For those who prefer bedtime baths over showers, Ladybird also makes a lavender soak as well, she said.
“Unlike the big guys, we use ingredients already well-known and easily understood; stuff like olive oil, rice bran oil, cocoa butter, and fermented sugar from corn or beets.”
A lot of competing companies attempt to “greenwash” their ingredients lists, Cobb said. They do this through different strategies like noting the origin of the chemical alongside the chemical to imply that it’s completely safe.
“Remember, some poisons come from plants,” Cobb said.
The recipes were developed by Gia Cobb, Georgia’s mother. Gia Cobb had a background in chemistry and nursing in addition to being an enthusiastic cook–all skills that came in handy in developing recipes that utilize common ingredients instead of chemicals.
“It was a lot of research,” Gia Cobb said. “More than a few dead ends; then the testing.
“In the end, we’re pretty much making soap as they did back in 1889 but with a few updates,” she added.
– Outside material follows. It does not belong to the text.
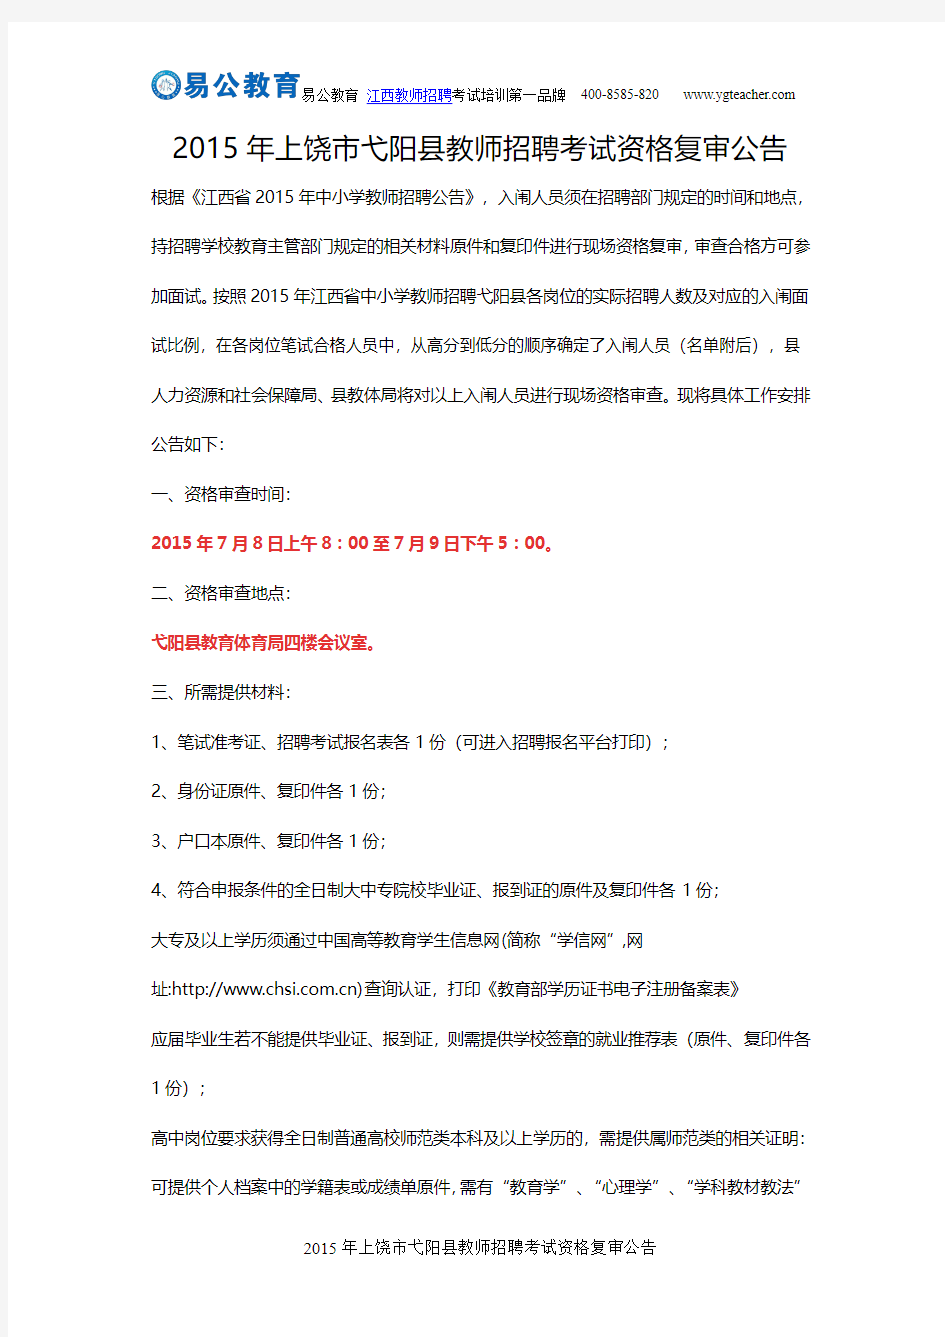 2015年上饶市弋阳县教师招聘考试资格复审公告

Cobb’s interest in environmental conservation started during her high school years when she volunteered at the Fort Davis National Historic Site in Texas. She later pursued an internship at Denali National Park in Alaska.
“Our soap is vegan-friendly. All of our ingredients are cost-effectively sourced from the USA,” Cobb said. “The lavender, for example, which is actually lavandin, comes from Oregon. We chose lavandin because of the sleep-enhancing properties combined with known effectiveness against muscle pain. When it comes to sleep support, it’s the best there is because of those properties.”
Gradually people are becoming more aware of the “forever chemicals” that are in many consumer products. They’re known as PFAS.
Phthalates are in many personal care products. That class of chemical is well known to cause fertility problems. One way that this is shown to have a broad-based effect on health is how the average sperm count has been declining in men.
Two decades ago the average was 60 million sperm per milliliter. Today, it’s 40 million. In addition, the decline in sperm counts appears to be accelerating, though there is some debate as to how much is due to changes in the way labs count sperm.
“You can’t avoid some exposure to them, but you can cut your exposure,” Cobb said.
“We’re offering people a way to do that because we want the same thing for ourselves and our family.”